PROBLEM: The pictures get left out, but everything else in the listing below must be duplicated exactly.

[PROVIDED MATERIAL — start]

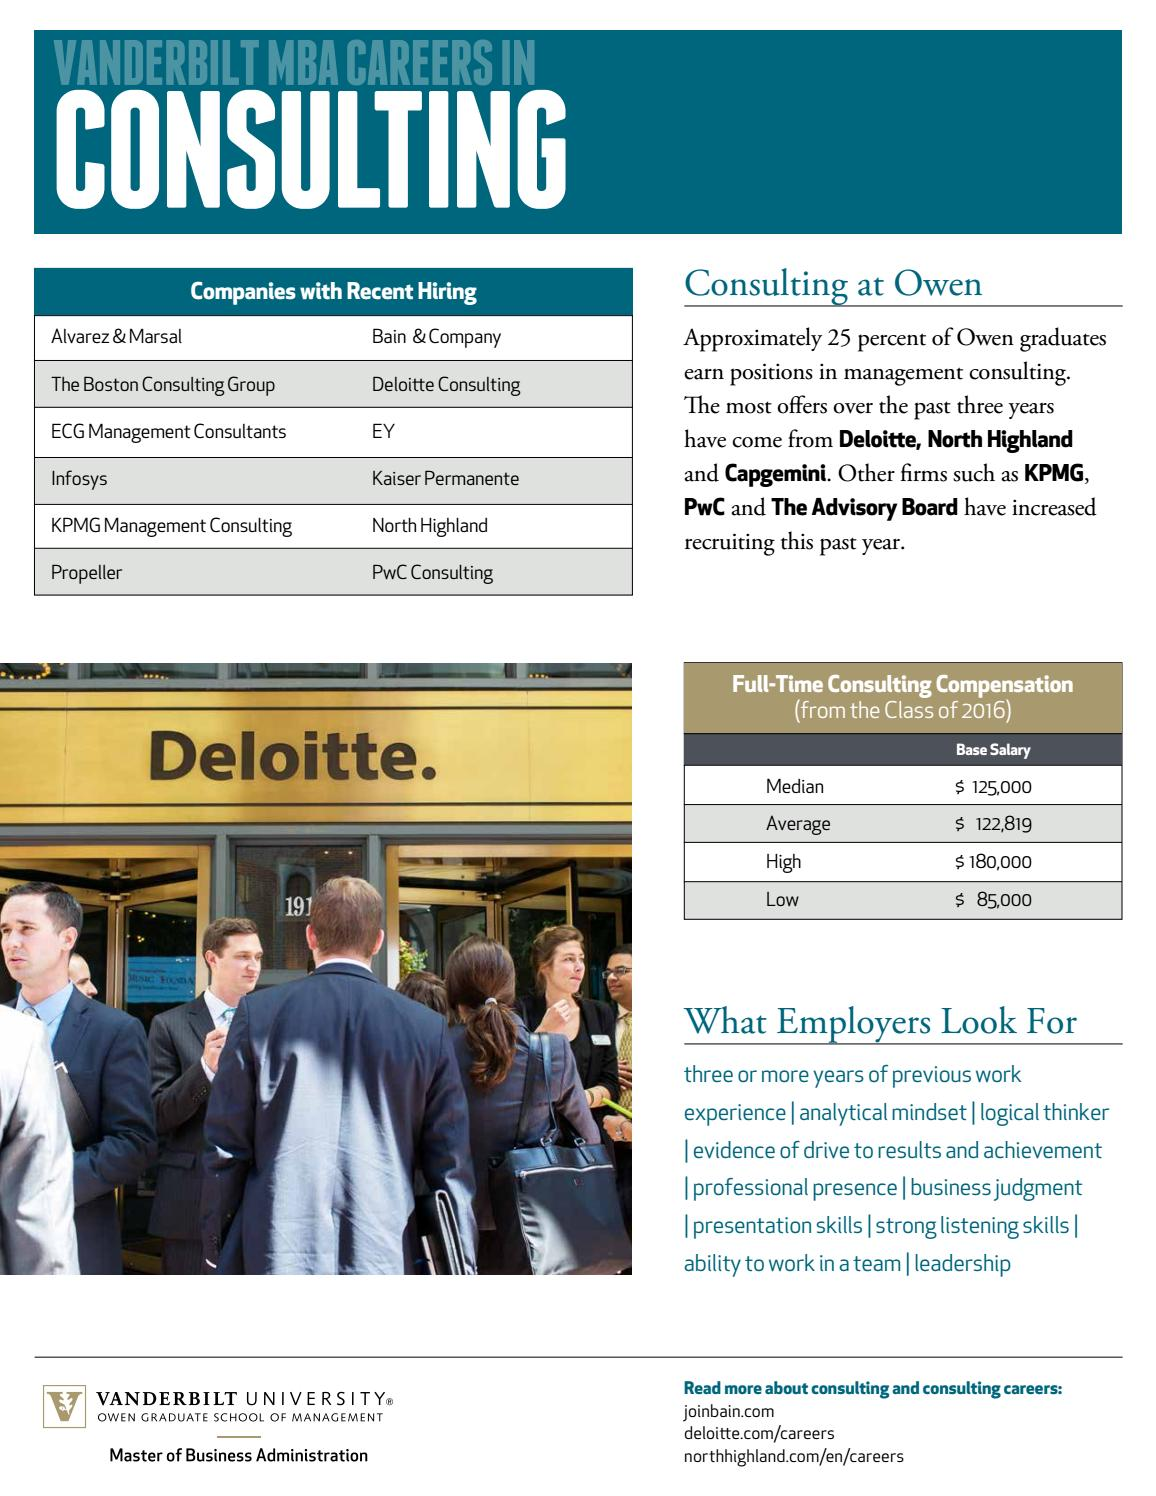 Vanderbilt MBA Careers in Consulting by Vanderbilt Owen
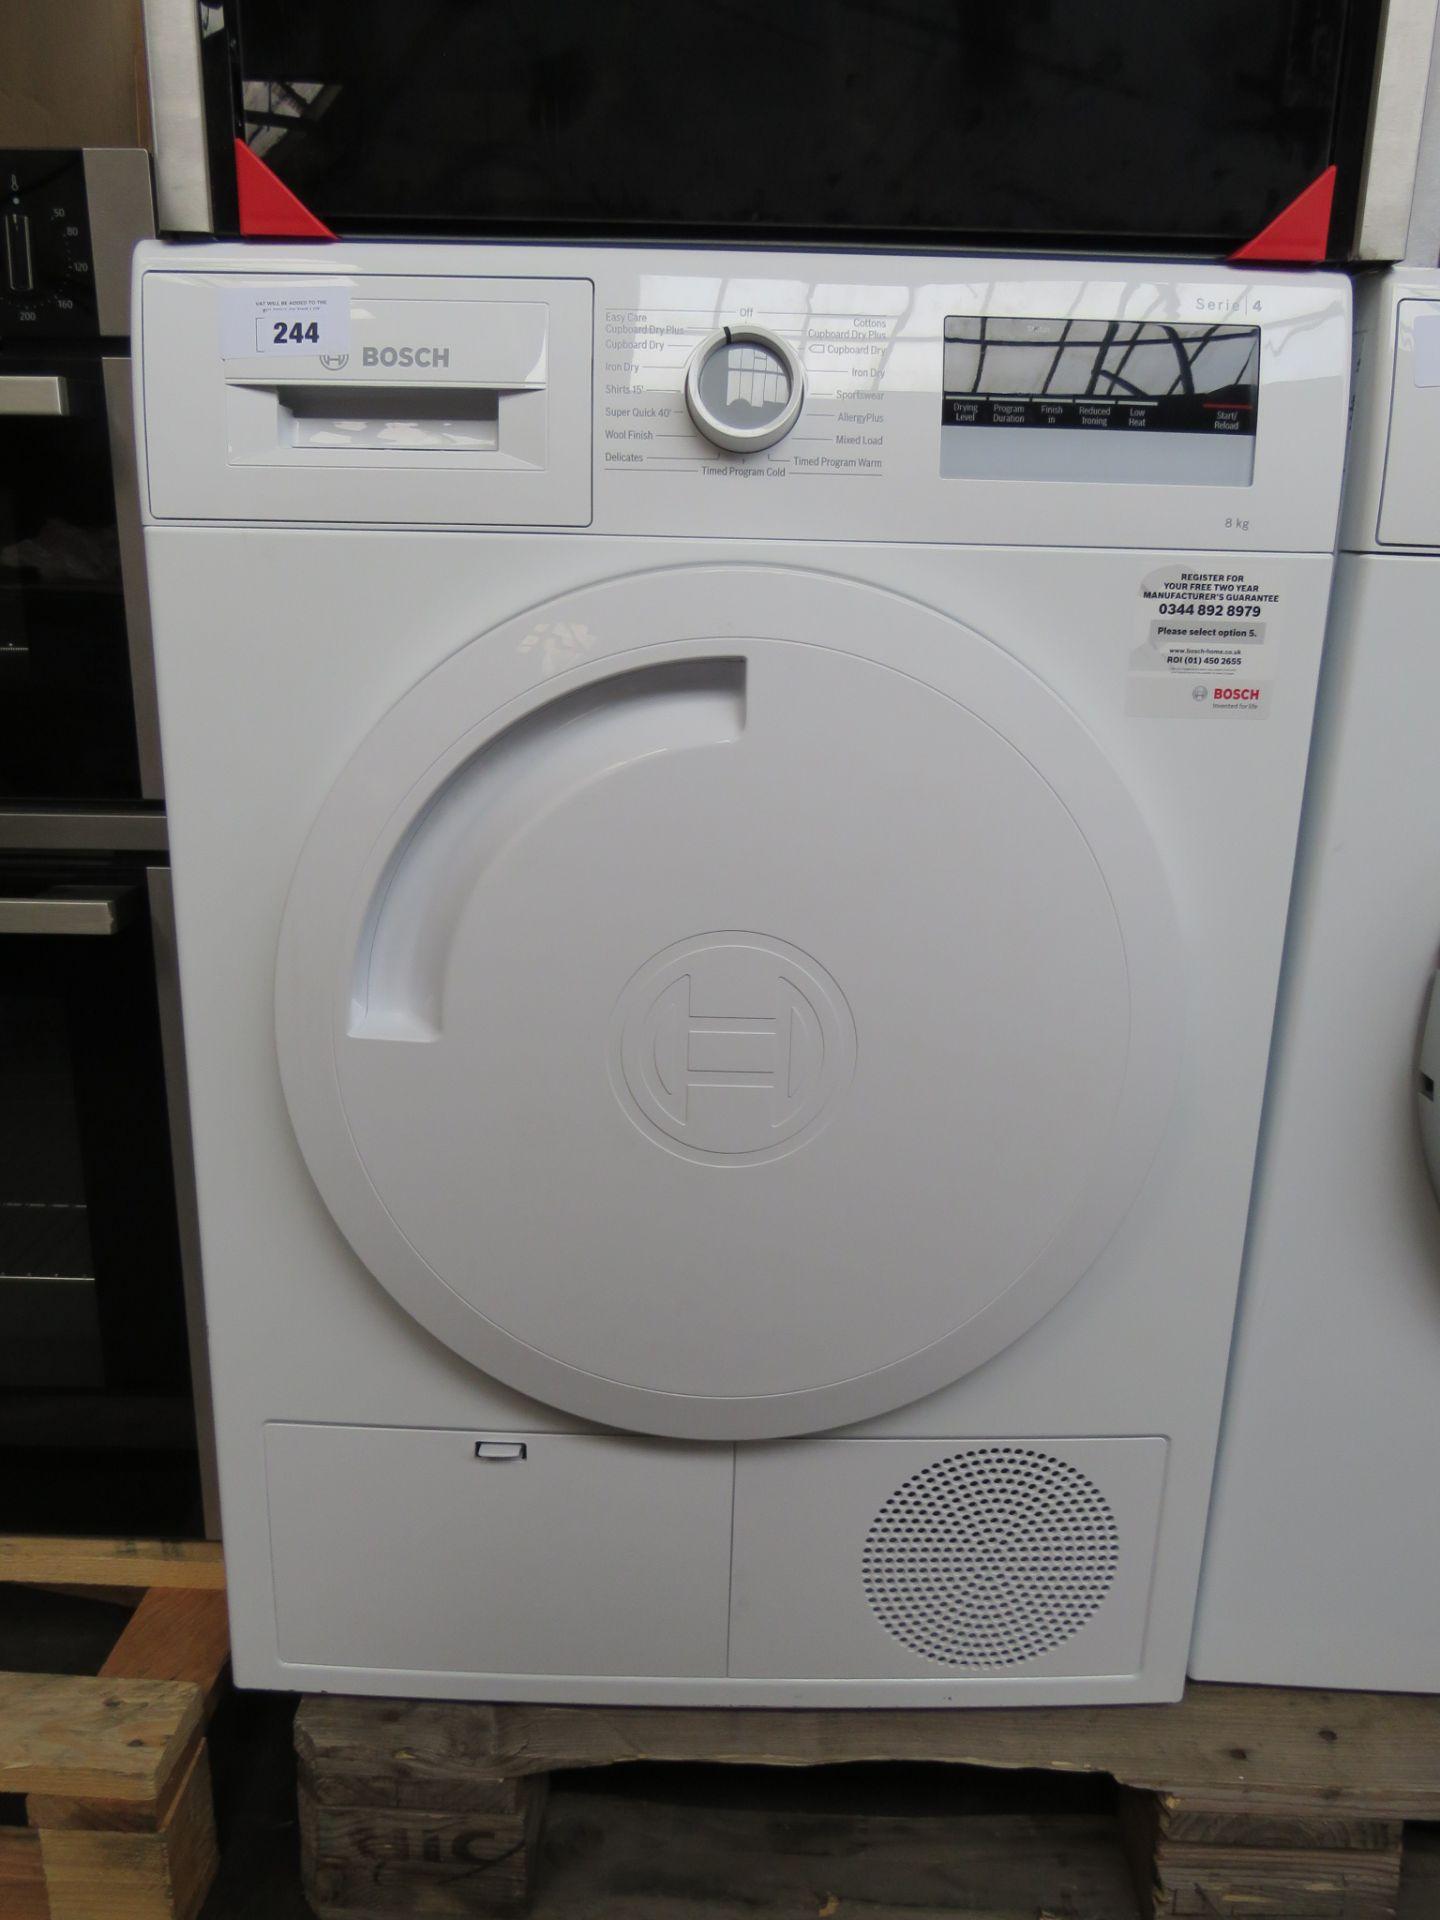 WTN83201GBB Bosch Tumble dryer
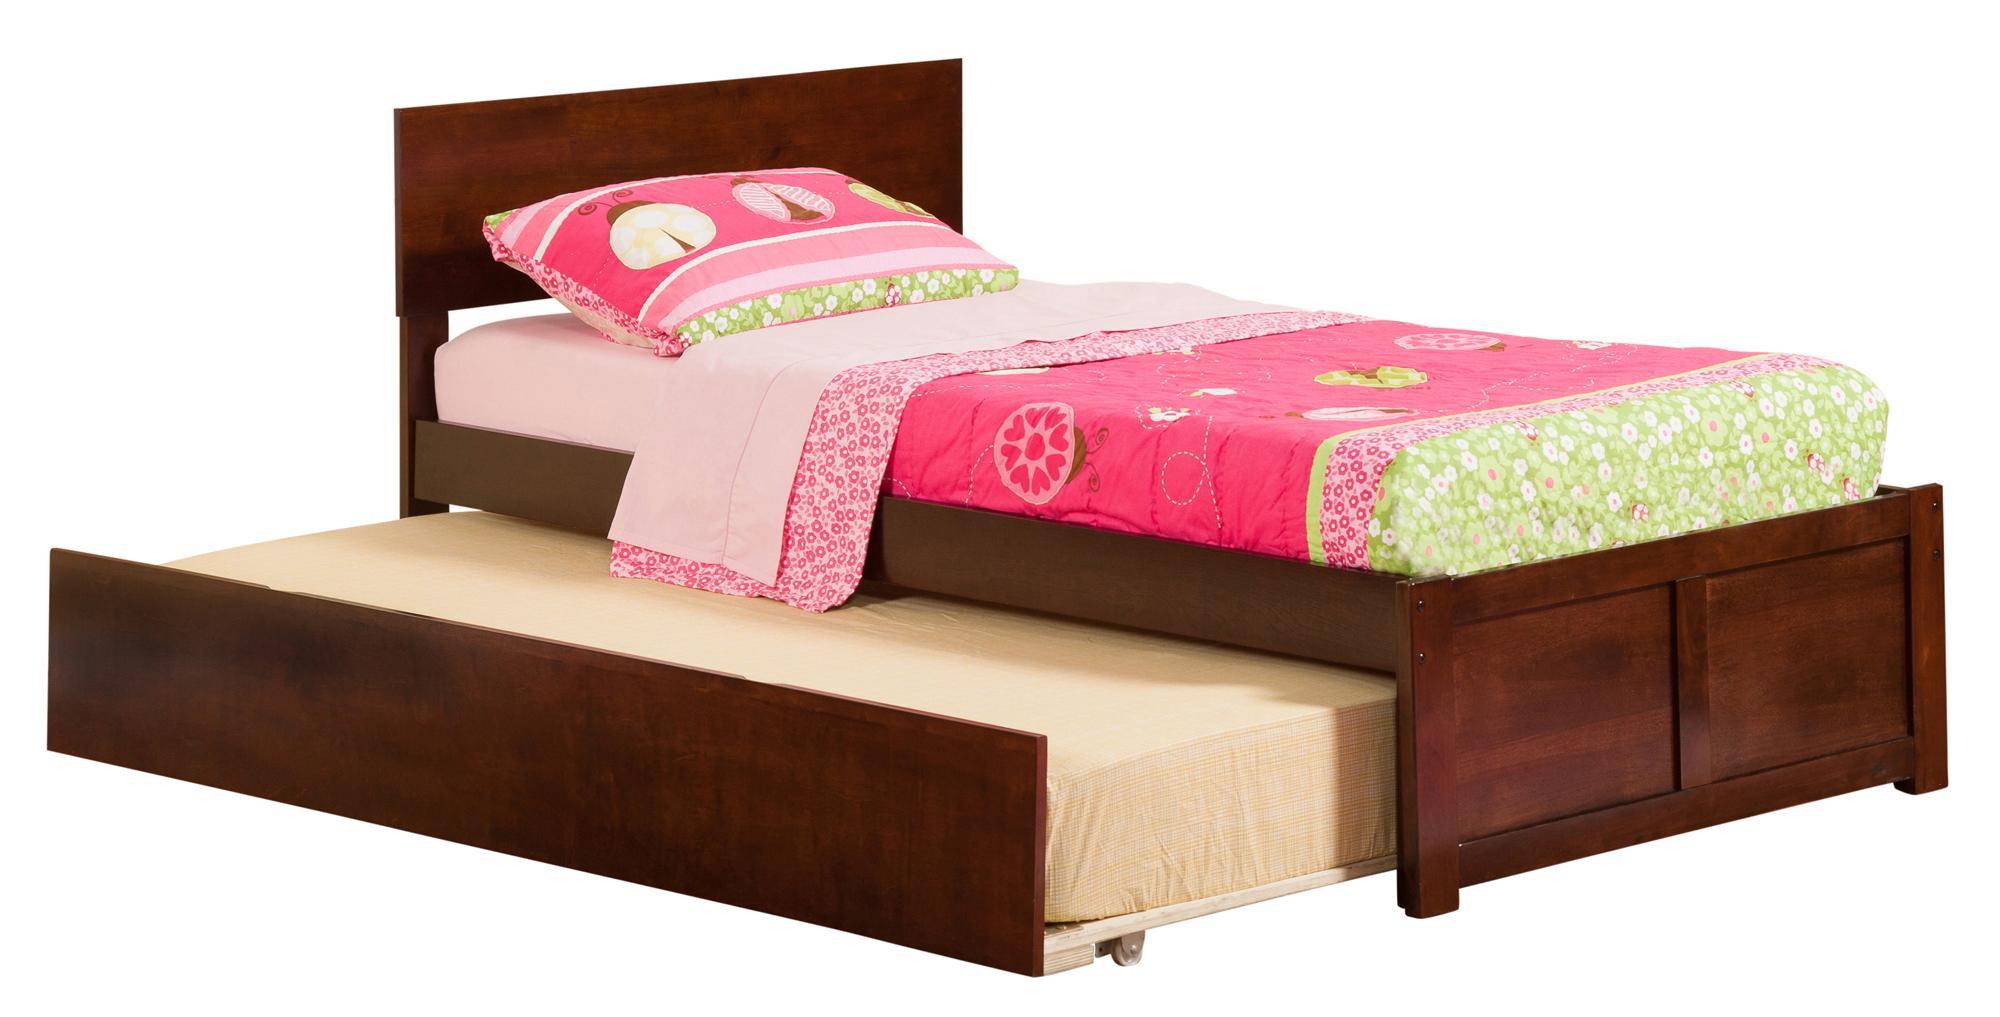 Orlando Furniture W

[PROVIDED MATERIAL — finish]

TASK RESULT:
 Vanderbilt MBA Careers in Consulting by Vanderbilt Owen
 WTN83201GBB Bosch Tumble dryer
 Orlando Furniture W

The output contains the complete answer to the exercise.